Will that be part of a larger EP or album, or just a standalone track?
“It’s one of a series of singles that are coming out. It’s not necessarily going to be making up an EP, but I’ve got releases lined up for the rest of the year coming out on various different labels. This is the beginning of a string of solo releases, which is cool. Most of it’s my own production, a few are collaborative productions too.”
Is getting into the production side more of a recent thing?
“It’s something I’ve been doing for a while but I haven’t been putting out tunes with my own production. The next few tunes that I’ve got coming I’ve produced or co-produced. When I first got into drum & bass I was a topline vocalist, so I was always being featured, which is great and I love doing it, but it meant I was always jumping around styles.
“One release would be liquid, the next release would be dancefloor, the next something else. I kind of wanted to be clearer about what my own sound is, which I think is a lot more soulful and maybe a bit heavier than what people know me for. People often associate me with liquid, which I do love, but isn’t really what I wanted to make.
“I do a lot of production, arrangement and writing for the TV work that I do. It’s nice now to be able to feed that into my own solo stuff and put out tracks with my own feel and style.”
Do you feel like coming from a vocal background feeds into your production approach?
“Yeah, I think musicality feeds into it, definitely. I think one of the things I’m strongest at is arrangement. I can play too; I play keys and guitars and some other stuff. I’m writing a lot of the parts and I’m able to put those together quite organically. The beatmaking and the mixing side is where I need to collaborate more at the moment. That’s the side of stuff I’m working on, but the musicality is where I’m strongest.
“I’ve trained as a vocalist and I’ve been a songwriter for around 15 years, so it was a natural progression to make. Drum & bass is such a production-heavy style of music that it’s quite scary to go into that and start calling yourself a producer. Everything gets so scrutinised that you put out, and it can be quite daunting, but that’s a challenge that I really wanted to take on.
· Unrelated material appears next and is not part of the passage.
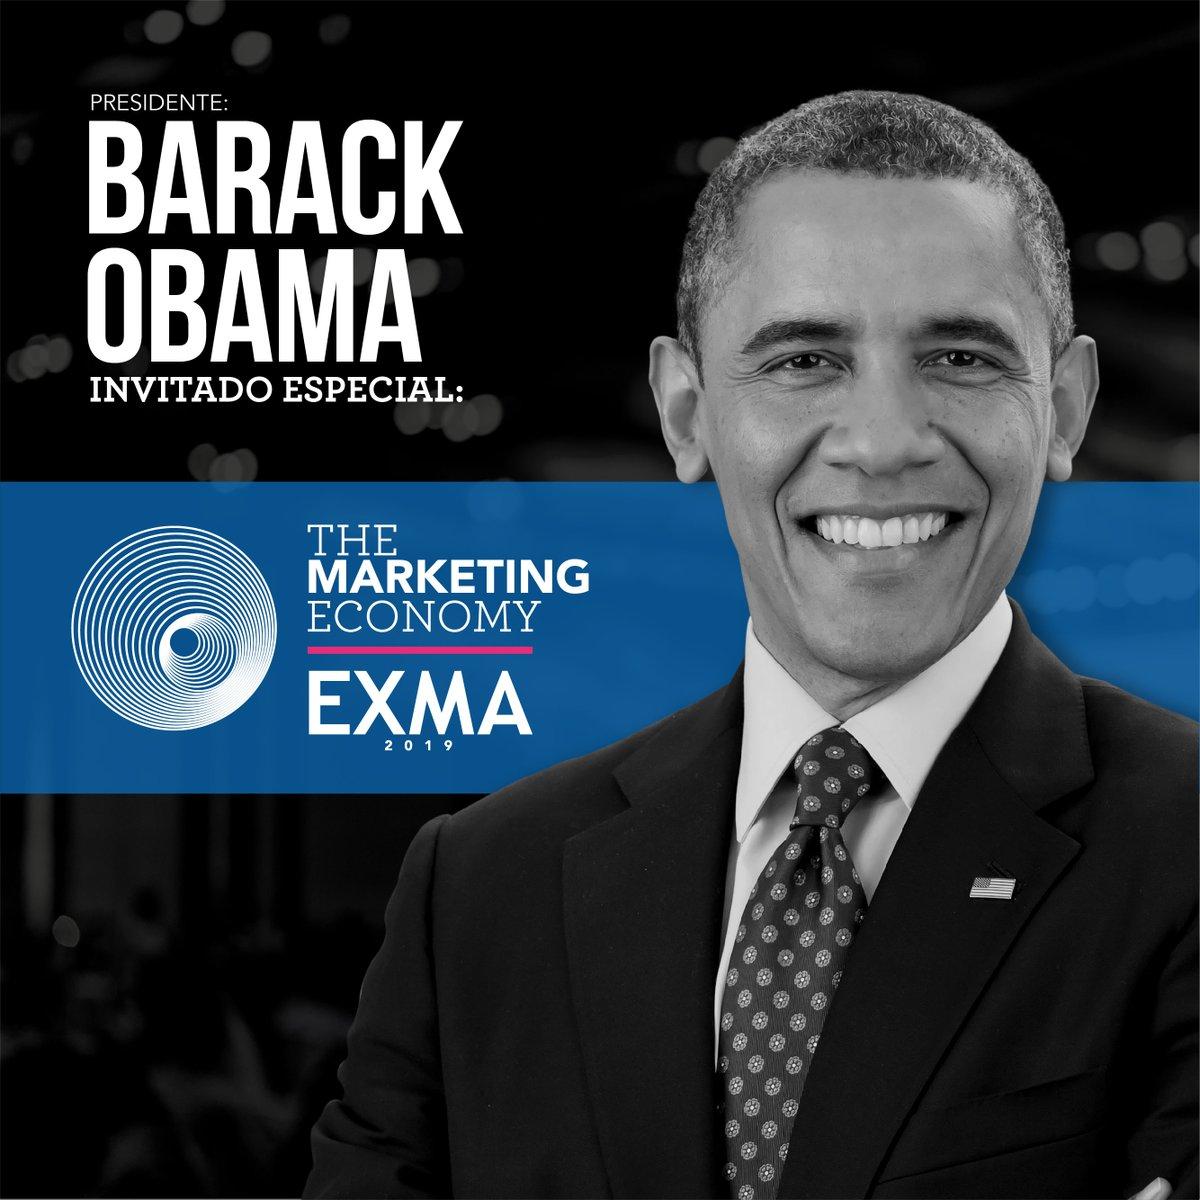 Obama está en Colombia y esto es lo que cuesta tomarse una foto con él

“I’m loving it too, the people I’ve been collaborating with for this next set of releases have been so open to what I do. I’ll bring a track that’s nearly finished, or at least has all of the artistic parts that I want, and they’ll be like, ‘ok, this is how we get the bass sounding like this or the snare sounding like this’. It’s been a really great experience because they’re not taking over or taking anything away from my sound or the artistry I want to put into it. They’re seeing what I’m bringing rather than trying to put their own stamp on it, which isn’t an easy thing to do as a producer.”
Have you been mostly in the box with your production so far?
“I do have some synths but I tend to not use them. I was given a Modal and a UDO synth to play with, and it was really cool to have those synths to make wubby sounds on, but then I tended not to use them. I end up just using plugins, things like Serum, which is the main one I use. I work in Logic and I just tend to stay in there. I do have my preamp, which is quite a big part of my vocal chain. It’s got quite a vintage sound, from the mic I’m using and everything in my chain. It’s quite a gospel/soul take on my vocals, which I think translates really well into the modern dance sound. You get that raw element to it. The rest is mostly plugins.”
Ruth Royall's latest single, New Ride, is out now.